At the close of the argument in this appeal I believed that a confident answer could be safely returned to the question whether English law or Community law should apply in the granting of an injunction against the making of the regulations in this case. My inclination was to hold that this was a matter purely of national law and that the conditions for relief should be those established under English law. However, having had the advantage of reading the speech which has been prepared by my noble and learned friend Lord Slynn of Hadley and having reconsidered in particular the observations of the Court of Justice in Zuckerfabrik Suderdithmarschen A.G. v. Hauptzollamt Itzehoe (Joined Cases C-143/88 and C-92/89) ( E.C.R. 1-145) I have come to the conclusion that the point is not so clear that it can be properly resolved without the guidance of the Court of Justice. While I share the regrets which have been expressed at leaving the matter without a final determination I am persuaded that the present situation is one where a reference would be proper, particularly where the point is plainly open to serious differences of view.
I agree that an order should be made in the terms proposed by Lord Slynn of Hadley.
I have had the advantage of reading in draft the speech of my noble and learned friend, Lord Hoffmann. I agree both with his conclusion and with his reasons for giving them. I wish, however, to add some observations of my own in regard to two matters.
The first is a matter of Community law. I share the concern expressed by my noble and learned friend Lord Nicholls of Birkenhead that the national court should not interfere with the operation of a directive during the implementation period. Where I respectfully differ from him is that I do not consider that it does so by making an order which allows the directive to be implemented in full by the end of that period. Moreover I believe that this much is acte claire.
I do not consider that the question which troubles Lord Nicholls can be answered in the abstract. It can only be answered by reference to a particular order which the national court proposes to make. The Court of Justice cannot sensibly decide whether a Member State is proposing to act inconsistently with the Community legal order unless it knows what it is that the Member State is proposing to do or refrain from doing. If it is told that the Member State proposes to implement the directive in full before the end of the implementation period save only insofar as it is prevented from doing so by an order of its national court, the Court of Justice will need to see the order. In my view compliance with the Community legal order requires the national court to refrain from placing any obstacle in the way of full implementation of the directive by the end of the implementation period, but it does no more than this. The best way of satisfying this requirement is for the national court to ensure that its order does not interfere with the power of the national authorities during the implementation period to take all such steps as may be necessary to implement the directive short of actually bringing it into force before the end of that period.
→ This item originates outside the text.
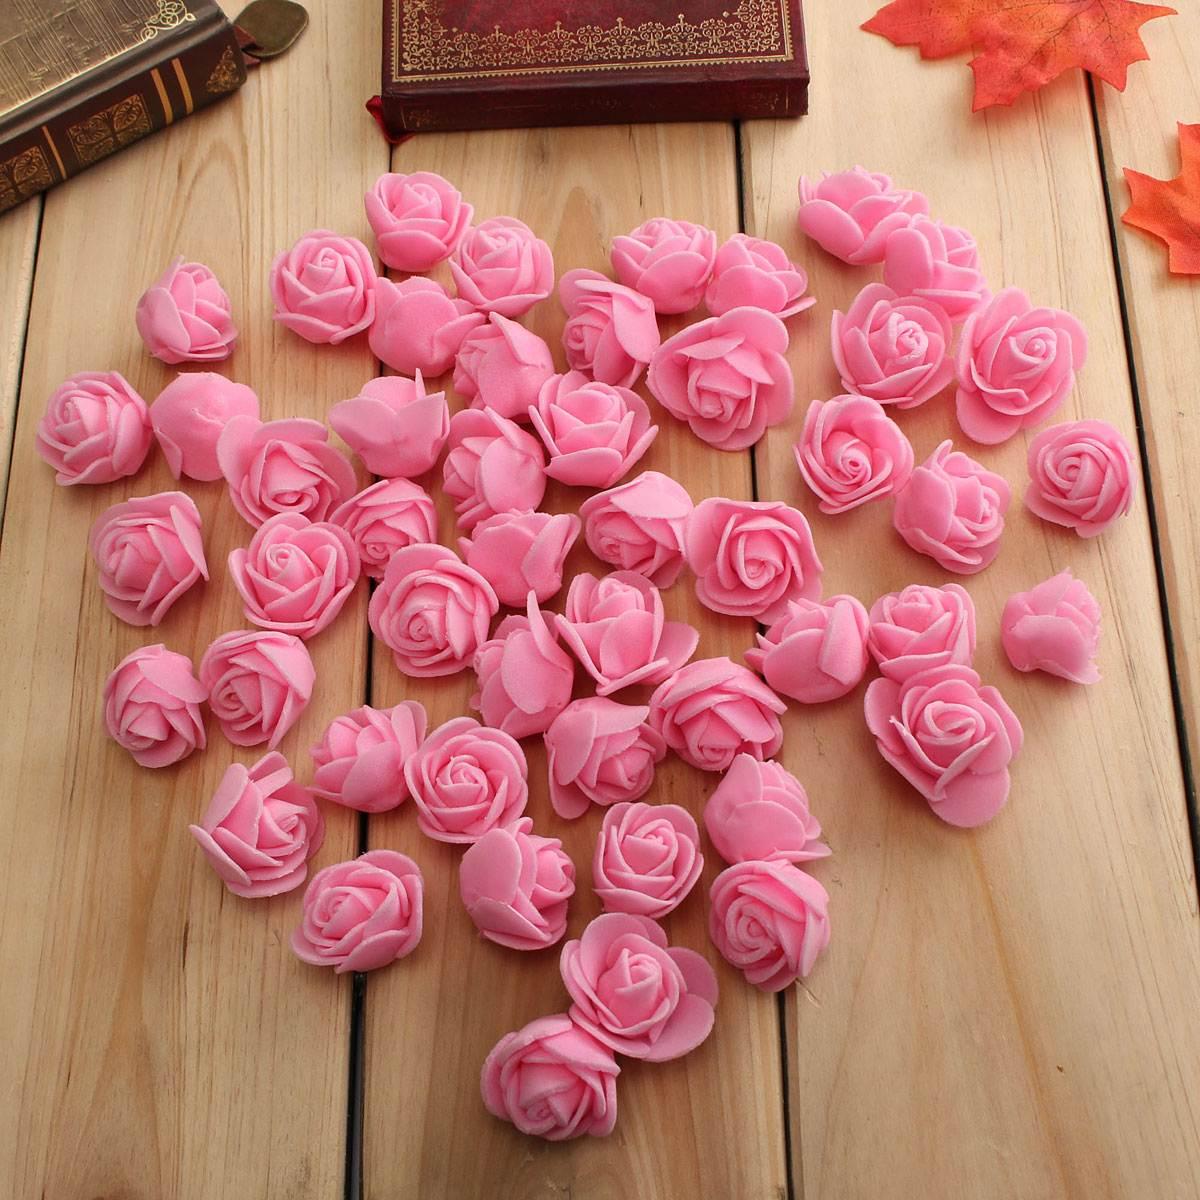 Wholesale Price 50 PCS/Bag PE Foam Rose Flower Head Handmade DIY Wedding Home Decoration Top Grade(China (Mainland))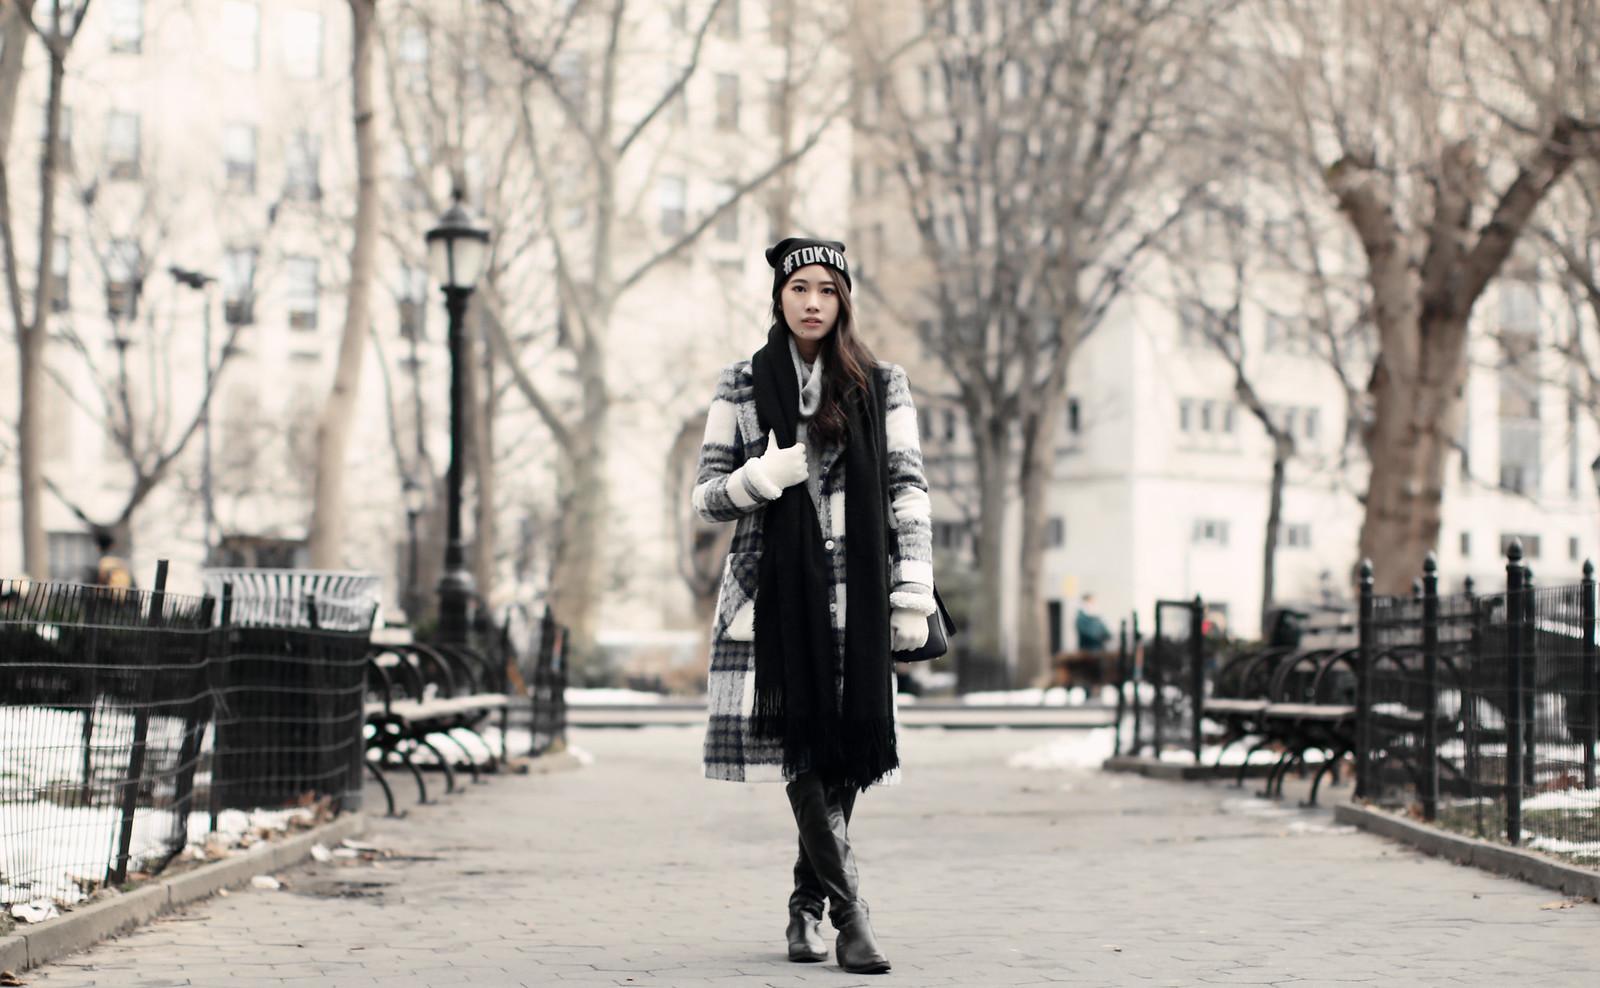 2061-clothestoyouuu-elizabeeetht-nyfw-newyorkfashionweek-nyc-fashionweek-newyork- winter2017-fashion-ootd

The second is a matter of our own domestic law. I wish to express my profound disagreement with some of the observations made by the Court of Appeal in regard to what they saw as an impermissible attempt to interfere with the government's legislative programme. This raised an important constitutional issue concerning the relationship between the executive and the judiciary. The relevant constitutional doctrine is encapsulated in a passage from Dworkin's Law's Empire (1998) at p. 9:
It is the responsibility of the judges to ensure that this principle is observed and to enquire into the validity of any law which is invoked by the state to support its actions.